◆ Description of the task
Everything from the line holding "HuffPost1536 x 1021" to the end of the listing below should be copied exactly, line for line, minus the pictures.

◆ Input data
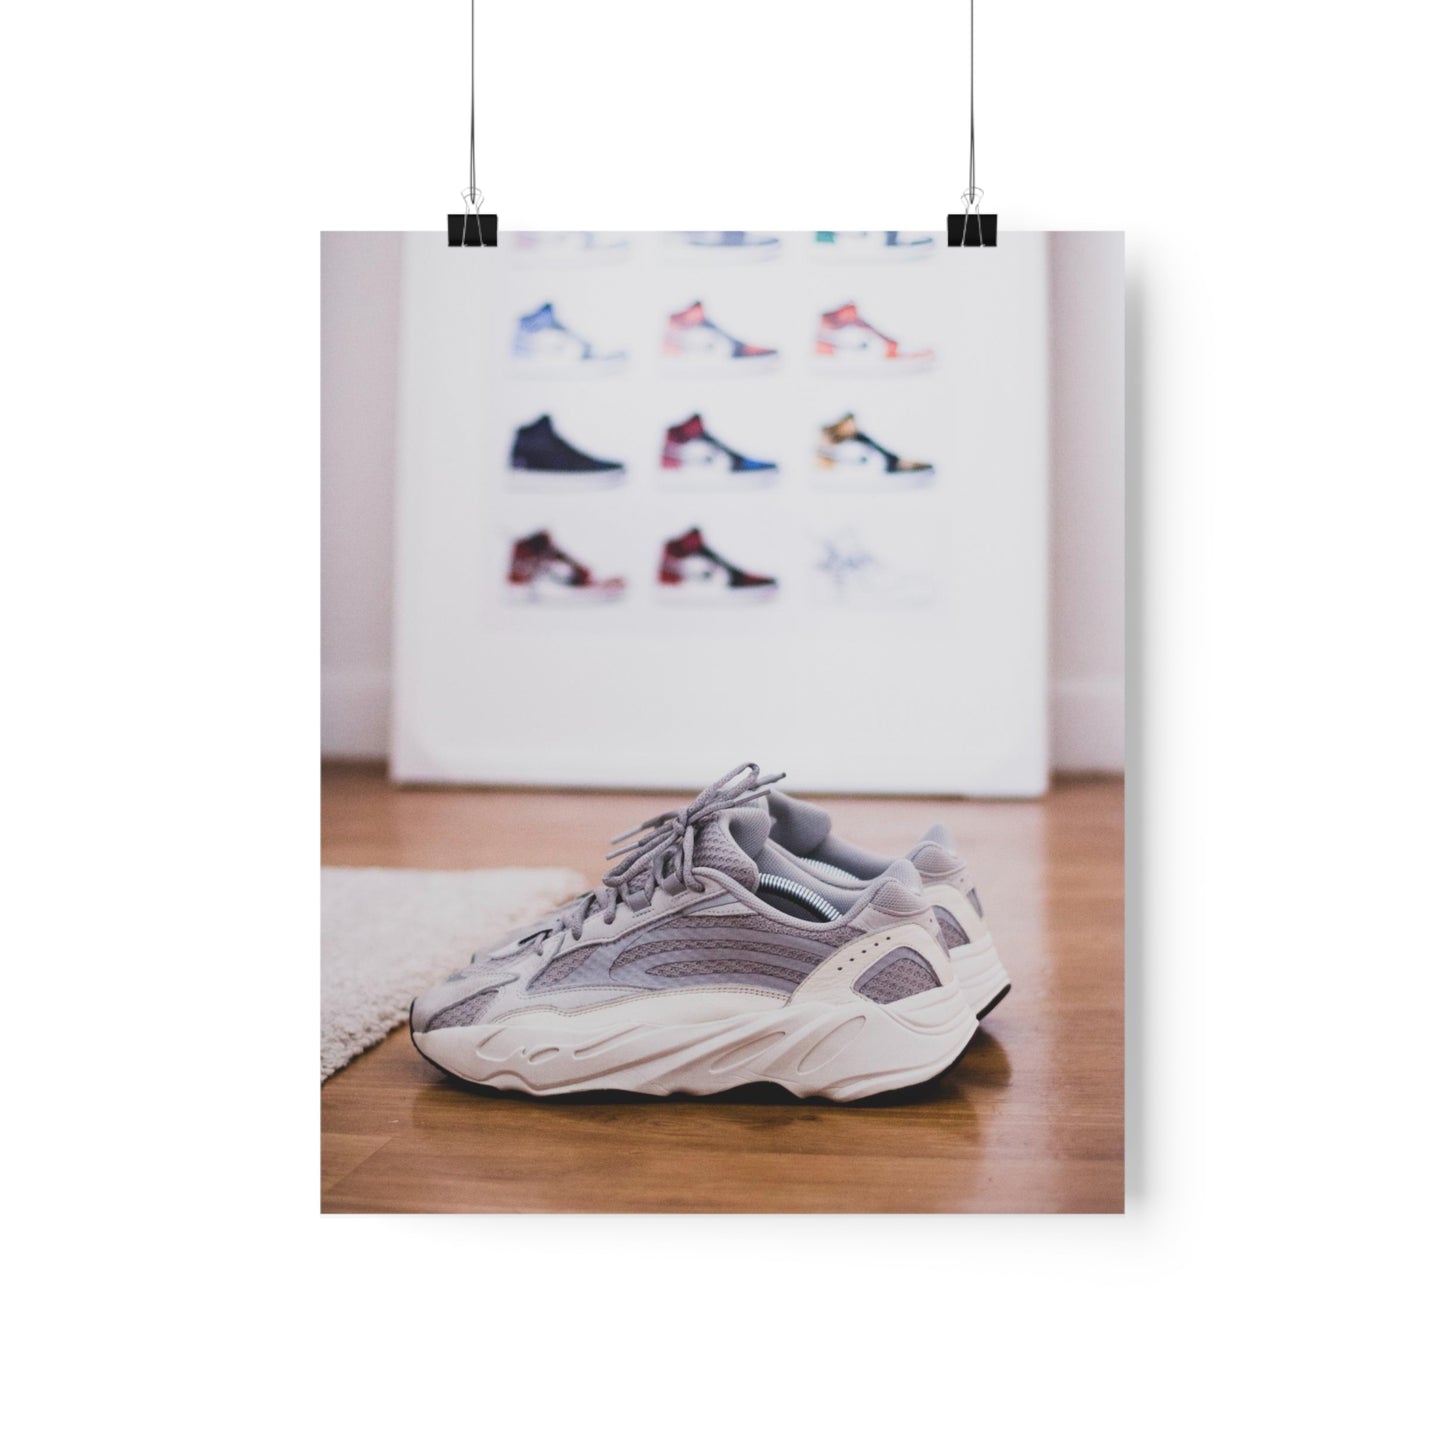 Adidas Yeezy Boost 700 V2 Static In Front Of Nike Retro 1 Art Poster
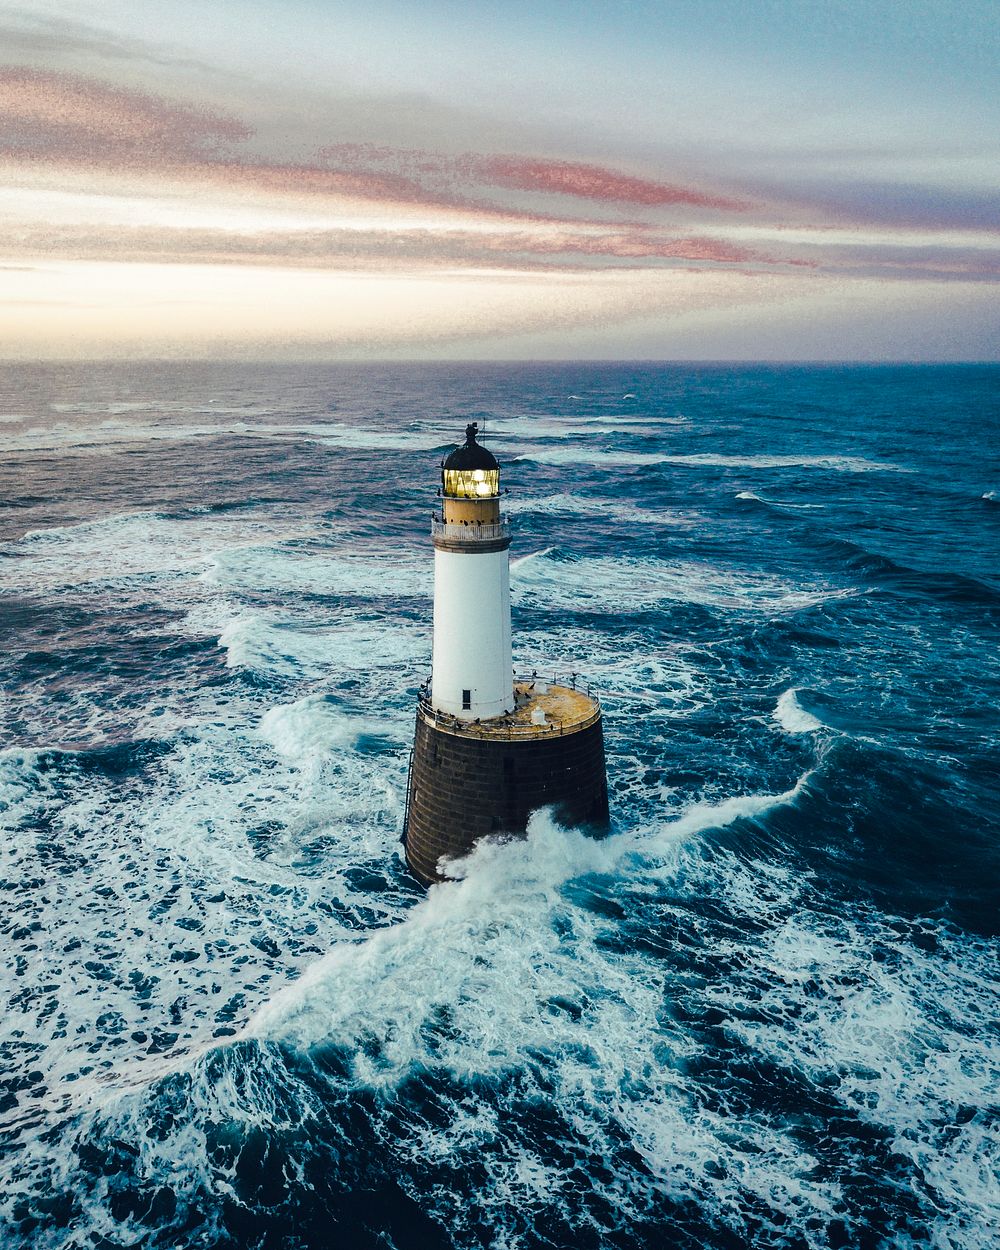 Waves hitting a lighthouse in Scotland
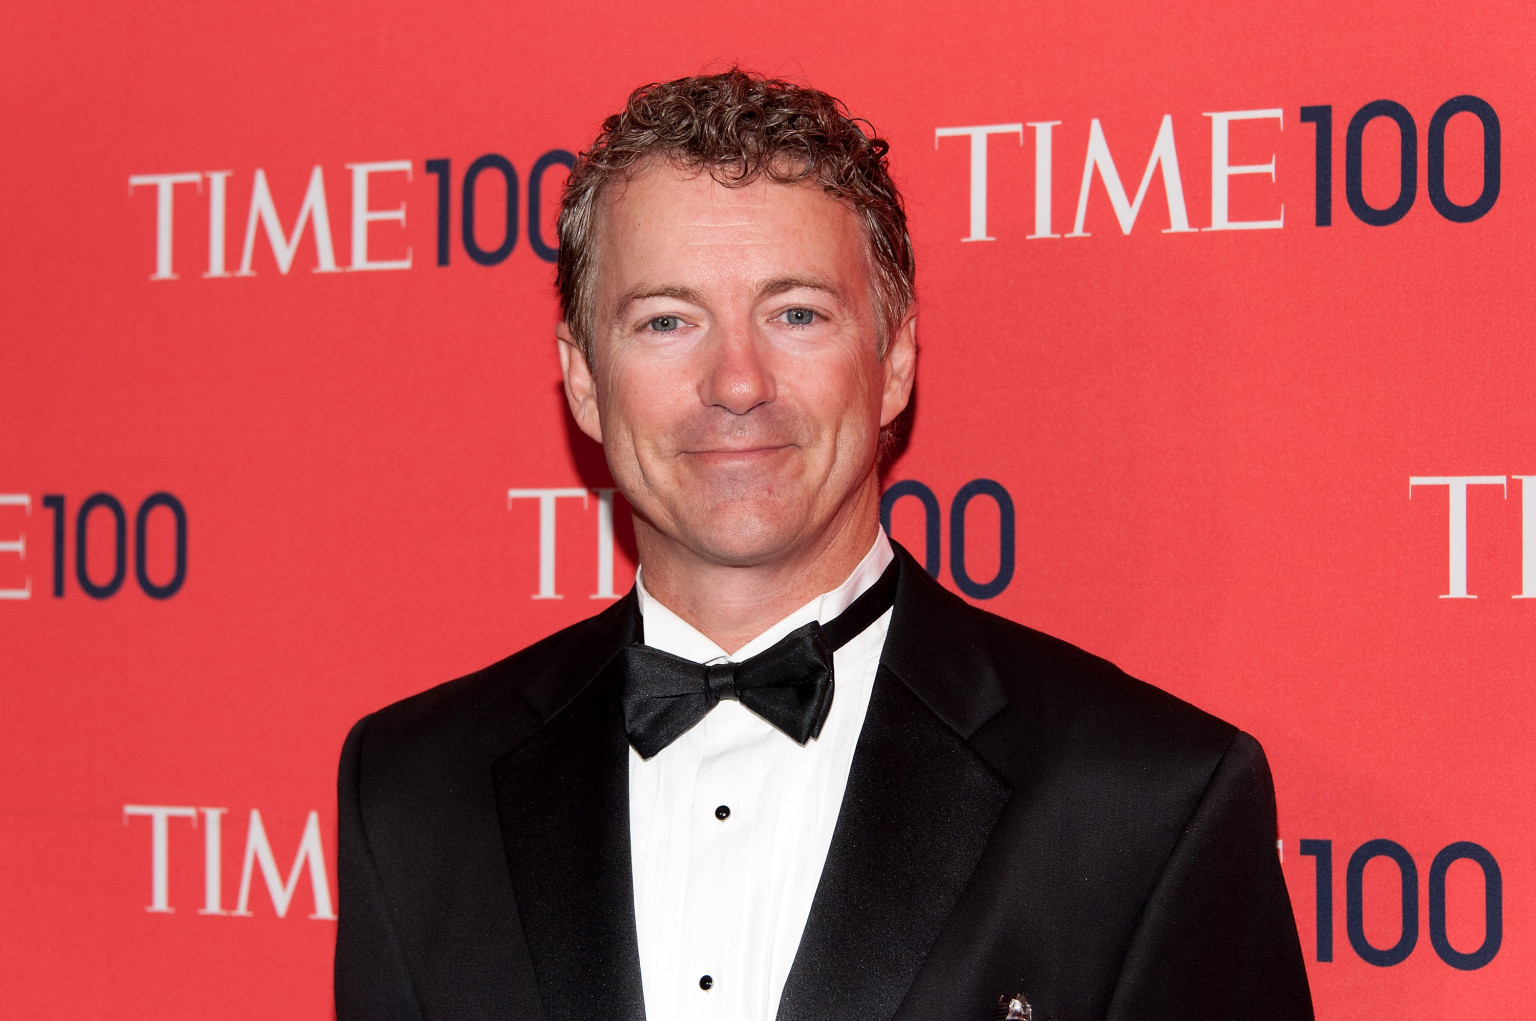 Rand Paul Torn Between Tea Party Fire, White House Dreams | HuffPost1536 x 1021
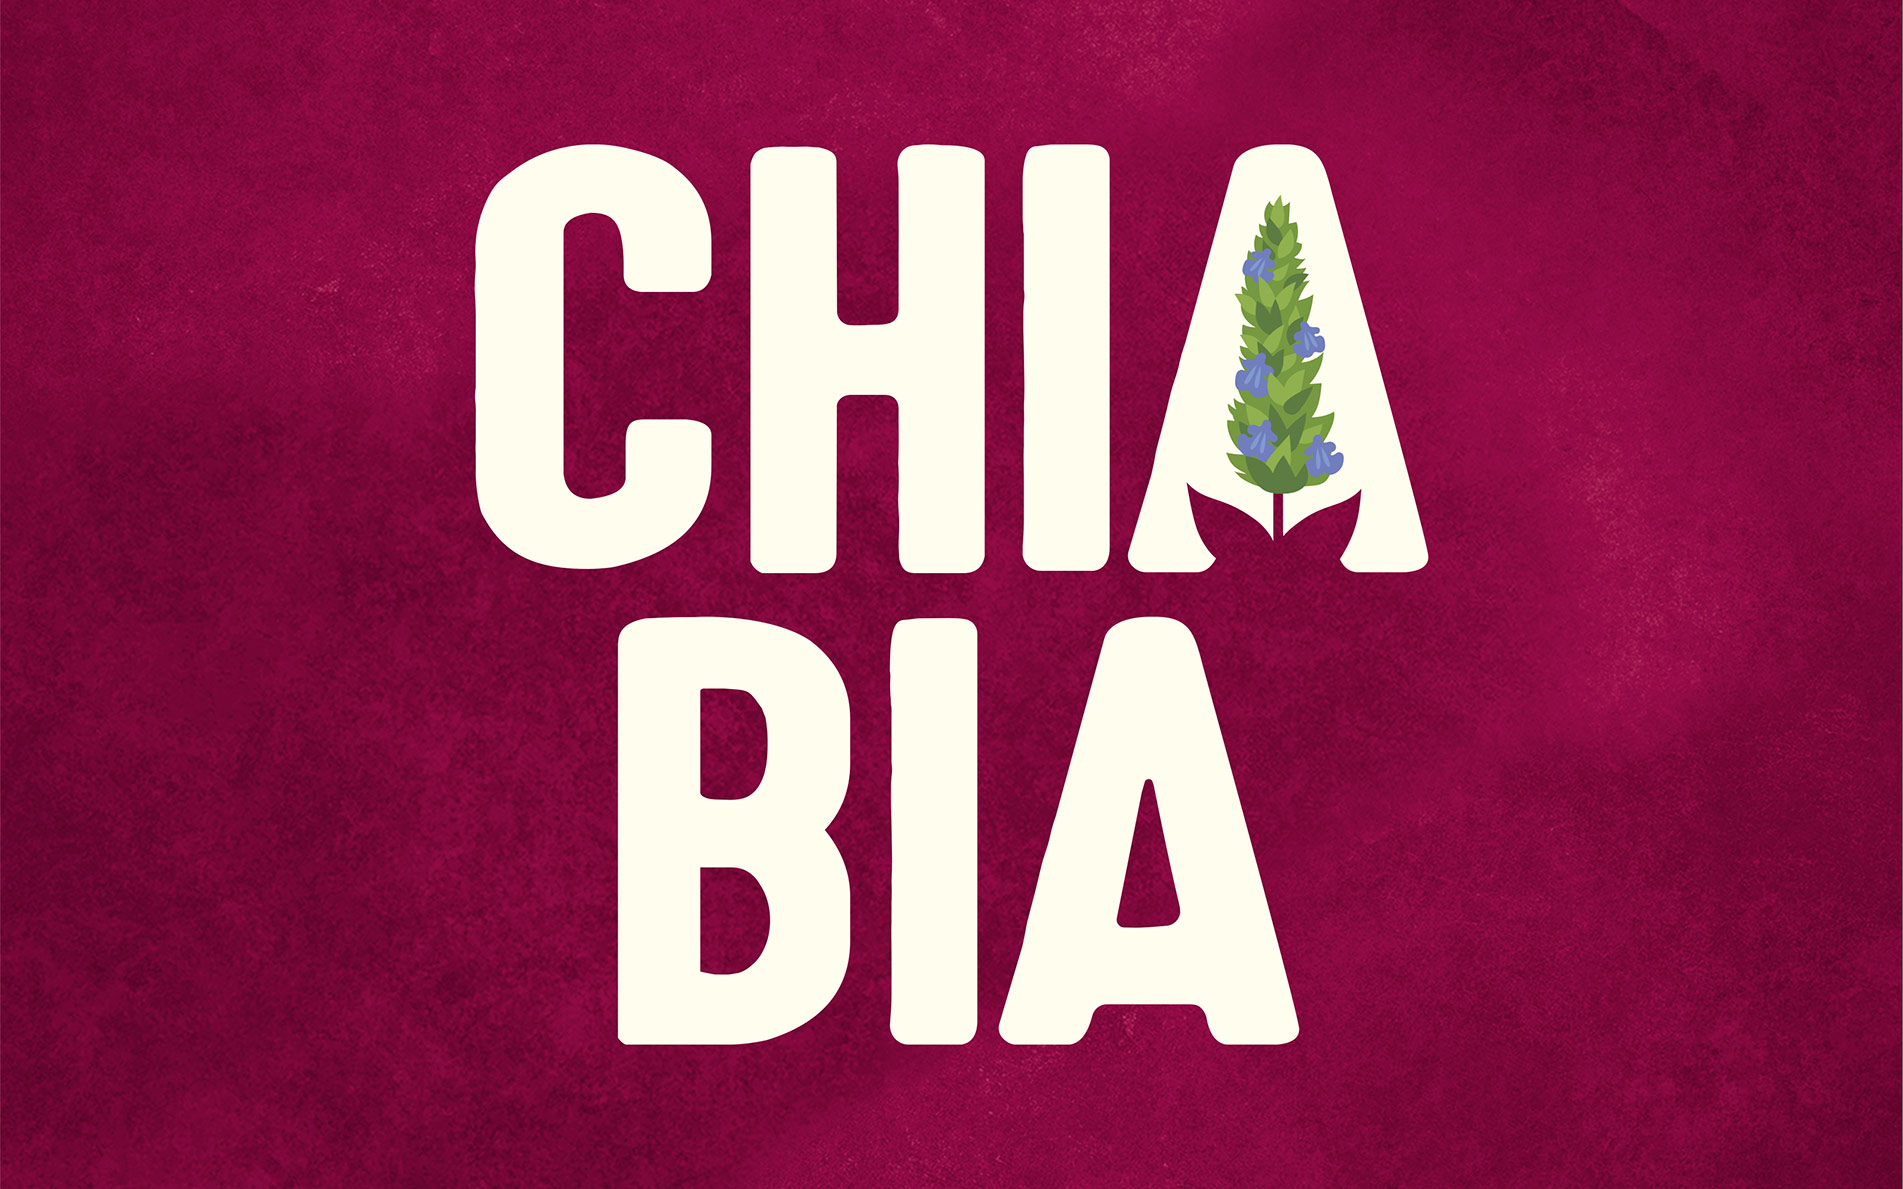 Chia Bia packaging design before and after - Rylands Brand Design

◆ Task response
 Rand Paul Torn Between Tea Party Fire, White House Dreams | HuffPost1536 x 1021
 Chia Bia packaging design before and after - Rylands Brand Design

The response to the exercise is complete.